# 🗄️ GDPR Compliance Agent - Notebook 2: Pinecone Vector Database Setup

## 📋 Table of Contents
1. [Overview](#overview)
2. [Setup & Environment](#setup--environment)
3. [Load Processed Data](#load-processed-data)
4. [Initialize OpenAI Embeddings](#initialize-openai-embeddings)
5. [Pinecone Setup](#pinecone-setup)
6. [Upload to Vector Database](#upload-to-vector-database)
7. [Verification & Testing](#verification--testing)
8. [Next Steps](#next-steps)

---

## 🎯 Overview

**Goal**: Upload our processed GDPR document chunks to Pinecone vector database and create embeddings using OpenAI.

**This Notebook Focus**:
- Load chunks processed in Notebook 1
- Initialize OpenAI embeddings
- Connect to Pinecone vector database
- Upload documents with embeddings
- Verify the setup works

**Key Technologies**:
- OpenAI `text-embedding-3-small` for embeddings
- Pinecone for vector storage and search
- LangChain for orchestration



---

## ⚙️ Setup & Environment

*Import required libraries and set up environment variables*

In [1]:
# Cell 1: Setup and Imports
import os
import sys
import pickle
import time
from dotenv import load_dotenv

# Add project root to Python path
sys.path.append(os.path.abspath('..'))

# Load environment variables
load_dotenv()

# LangChain imports
from langchain_core.documents import Document
from langchain_openai import OpenAIEmbeddings
from langchain_pinecone import PineconeVectorStore

# Pinecone imports
import pinecone
from pinecone import ServerlessSpec

# Helper functions
from src.embedding_cost_calculator import calculate_embedding_cost

# print("✅ All imports completed successfully!")
# print("🔑 Environment Check:")
# print(f"   OpenAI API Key: {'✅' if os.getenv('OPENAI_API_KEY') else '❌'}")
# print(f"   Pinecone API Key: {'✅' if os.getenv('PINECONE_API_KEY') else '❌'}")

# if not all([os.getenv('OPENAI_API_KEY'), os.getenv('PINECONE_API_KEY')]):
#     print("\n❌ Missing API keys. Please check your .env file")


For example, replace imports like: `from langchain_core.pydantic_v1 import BaseModel`
with: `from pydantic import BaseModel`
or the v1 compatibility namespace if you are working in a code base that has not been fully upgraded to pydantic 2 yet. 	from pydantic.v1 import BaseModel

  from langchain_pinecone.vectorstores import Pinecone, PineconeVectorStore


In [2]:
# # Cell 1: Setup and Imports. (OlD)
# import os 
# import sys
# import pickle
# from dotenv import load_dotenv

# # Add project root to Python path
# sys.path.append(os.path.abspath('..'))

# # LangChain imports
# from langchain.embeddings.openai import OpenAIEmbeddings
# from langchain.vectorstores import Pinecone
# from langchain.schema import Document
# from langchain_pinecone import PineconeVectorStore

# # Pinecone import
# from pinecone import Pinecone
# from pinecone import ServerlessSpec




# # Import time for the wait functionality
# import time

# # Helper functions
# from src.embedding_cost_calculator import calculate_embedding_cost

# print("✅ Libraries imported successfully!")

In [3]:
# Cell 2: Load Environment Variables
# Load API keys from .env file
load_dotenv()

# Verify environment variables
print("🔑 Environment Configuration:")
print(f"   OpenAI API Key: {'✅' if os.getenv('OPENAI_API_KEY') else '❌'}")
print(f"   Pinecone API Key: {'✅' if os.getenv('PINECONE_API_KEY') else '❌'}")
# print(f"   Pinecone Environment: {'✅' if os.getenv('PINECONE_ENVIRONMENT') else '❌'}")
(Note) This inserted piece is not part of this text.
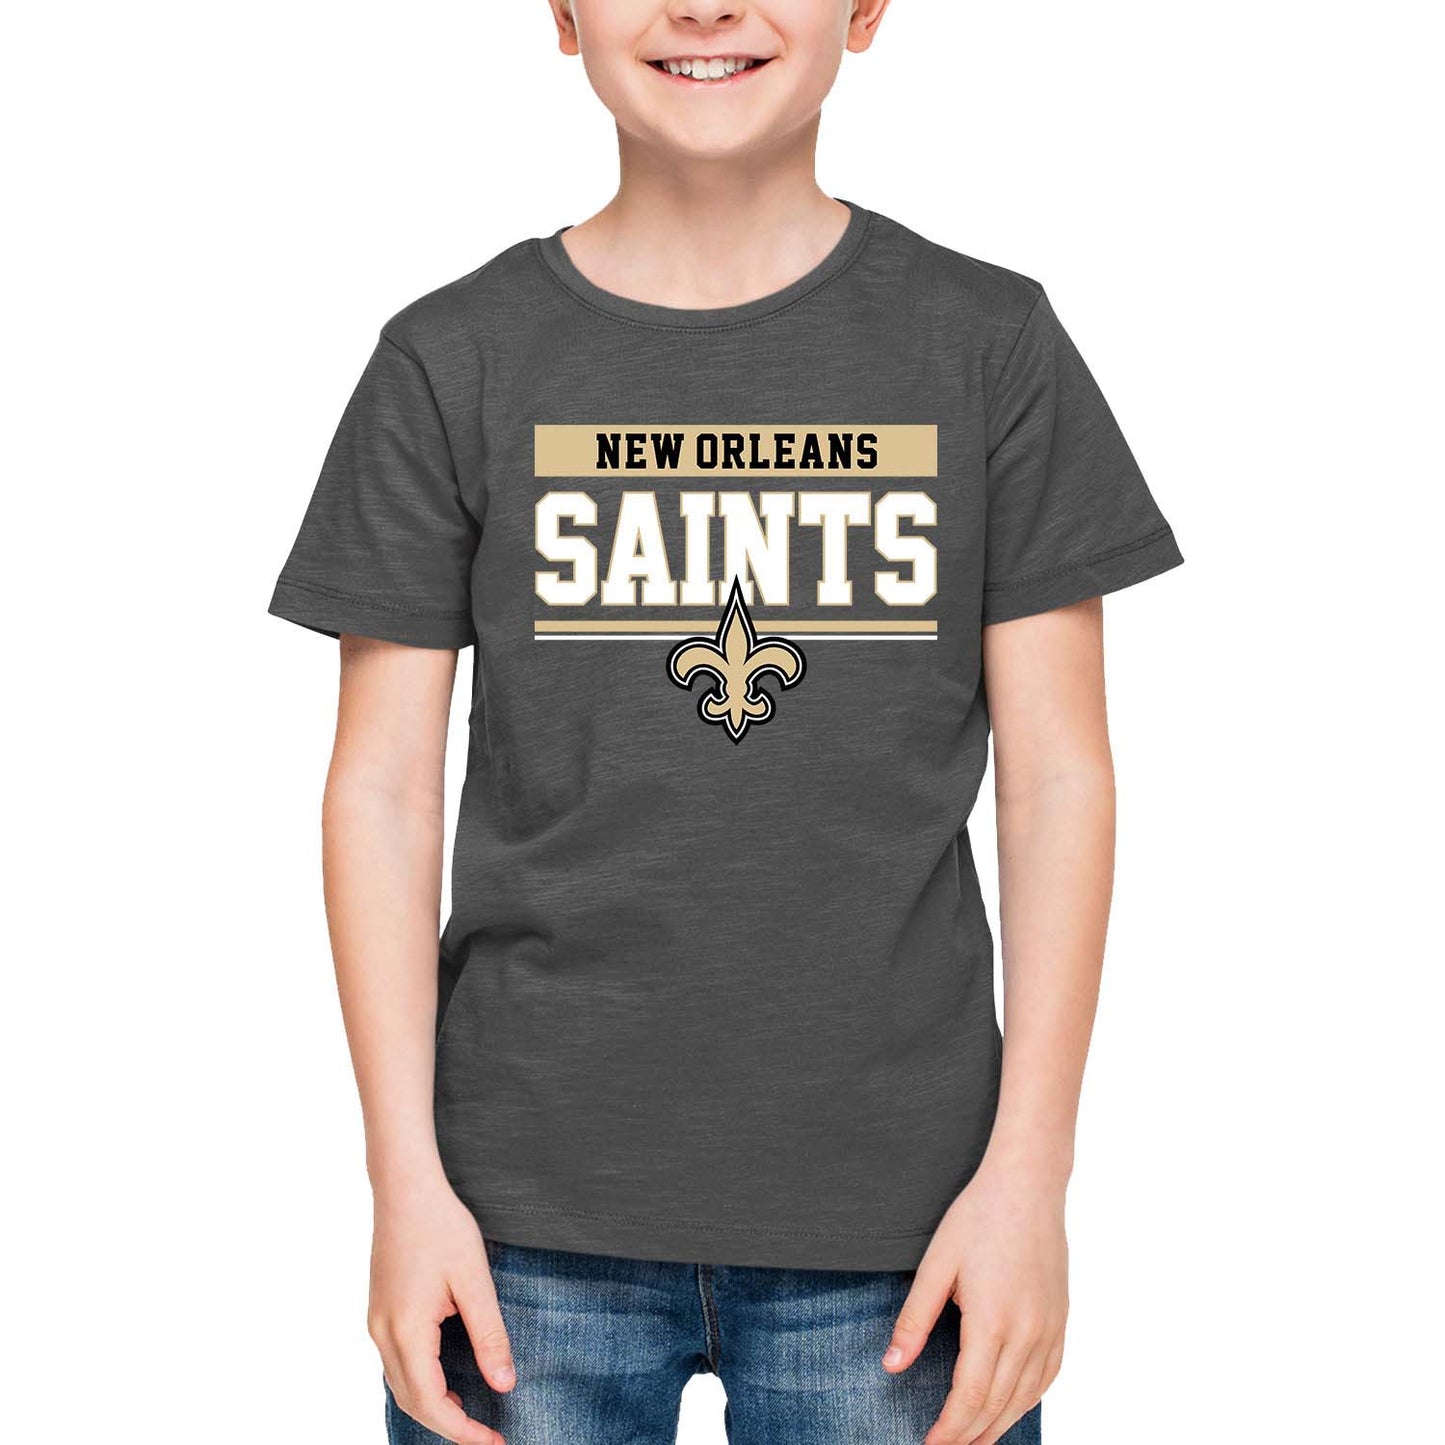 New Orleans Saints NFL Youth Short Sleeve Charcoal T Shirt - Charcoal

# if not all([os.getenv('OPENAI_API_KEY'), os.getenv('PINECONE_API_KEY'), os.getenv('PINECONE_ENVIRONMENT')]):
if not all([os.getenv('OPENAI_API_KEY'), os.getenv('PINECONE_API_KEY')]):
    print("\n⚠️  Missing environment variables!")
    print("   Please check your .env file contains:")
    print("   - OPENAI_API_KEY")
    print("   - PINECONE_API_KEY")
    # print("   - PINECONE_ENVIRONMENT")
    print("\n   These are required for this notebook.")

🔑 Environment Configuration:
   OpenAI API Key: ✅
   Pinecone API Key: ✅


---

## 📥 Load Processed Data

*Load the chunks and configuration saved from Notebook 1*


In [4]:
# Cell 3: Load Processed Chunks
def load_processed_data():
    """Load chunks and config from Notebook 1 processing"""
    try:
        # Load configuration
        with open("../2_data/processed/config.pkl", "rb") as f:
            config = pickle.load(f)
        
        # Load chunks
        with open("../2_data/processed/chunks.pkl", "rb") as f:
            serializable_chunks = pickle.load(f)
        
        # Recreate Document objects
        chunks = []
        for chunk_data in serializable_chunks:
            doc = Document(
                page_content=chunk_data['page_content'],
                metadata=chunk_data['metadata']
            )
            chunks.append(doc)
        
        print("✅ Successfully loaded processed data:")
        print(f"   - Chunks: {len(chunks)}")
        print(f"   - Chunk size: {config['chunk_size']}")
        print(f"   - Overlap: {config['chunk_overlap']}")
        print(f"   - Estimated tokens: {config['total_tokens']:,}")
        print(f"   - Estimated cost: ${config['estimated_cost']:.4f}")
        
        return chunks, config
        
    except FileNotFoundError as e:
        print(f"❌ Error: {e}")
        print("💡 Please run Notebook 1 first to process the PDF")
        return [], {}
    except Exception as e:
        print(f"❌ Unexpected error: {e}")
        return [], {}

# Load the data
chunks, config = load_processed_data()

if not chunks:
    print("❌ Cannot proceed without processed chunks.")
else:
    # Show sample chunk
    print(f"\n📋 Sample chunk metadata:")
    print(chunks[0].metadata)
    print(f"\n📝 Sample content preview:")
    print(chunks[0].page_content[:200] + "...")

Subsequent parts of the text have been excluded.